In the case of our tumour-driven paedophile, we would have to understand the man’s ability to resist the sexual impulses in his brain. There’s probably many paedophiles alive today who choose not to commit crimes, because their sense of morality dictates that it’s the wrong thing to do.

To what degree is the man’s tumour affecting his ability to resist his urges? For Churchland, reframing the question in this way helps us to understand how responsible the man is for his crimes, and while it’s an undoubtedly difficult thing to measure, regarding the situation from a philosophical position is even fuzzier.

Until our scientific knowledge advances to a point where we can answer these questions confidently, the paedophile’s ultimate responsibility will continue to be debated by philosophers. The tumour caused his nefarious actions, and according to the libertarians and compatibilists, he should be held accountable.

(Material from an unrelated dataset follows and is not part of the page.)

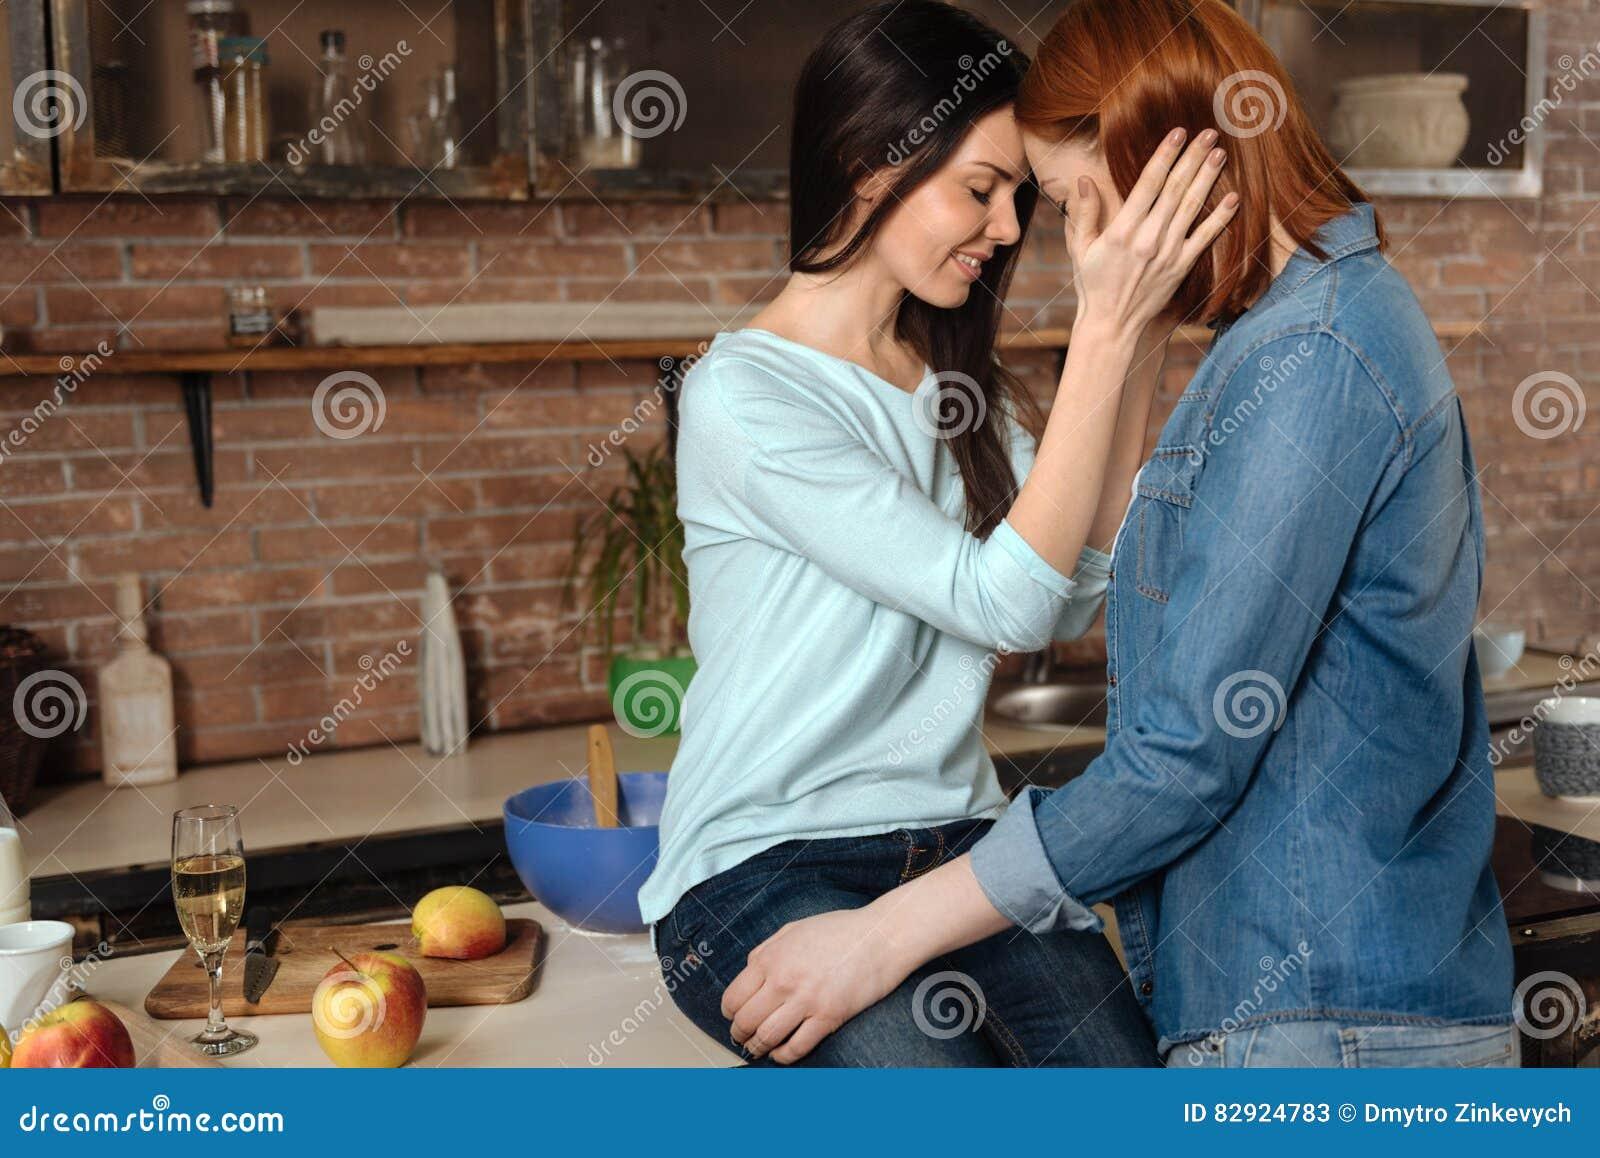 Berührt Freundin Lesbisch Ihre Verheiratet lesbisch!?!

This seems terribly unfair, and yet, the mercilessness of hard determinism is equally as cruel – the outcome is the same, after all.

The seemingly contradictory nature of compatibilism, the freedom-certainty of the libertarians, or the rigid idea of determinism offers little guidance for personal responsibility. From a practical perspective, Churchland’s reframing of free will from a position of control allows us to measure responsibility, determine accountability, and decide the consequences for an immoral action.

While it doesn’t answer the intriguing question of whether free will exists, it does fulfill an important concern – the ability to measure how responsible we are for our actions.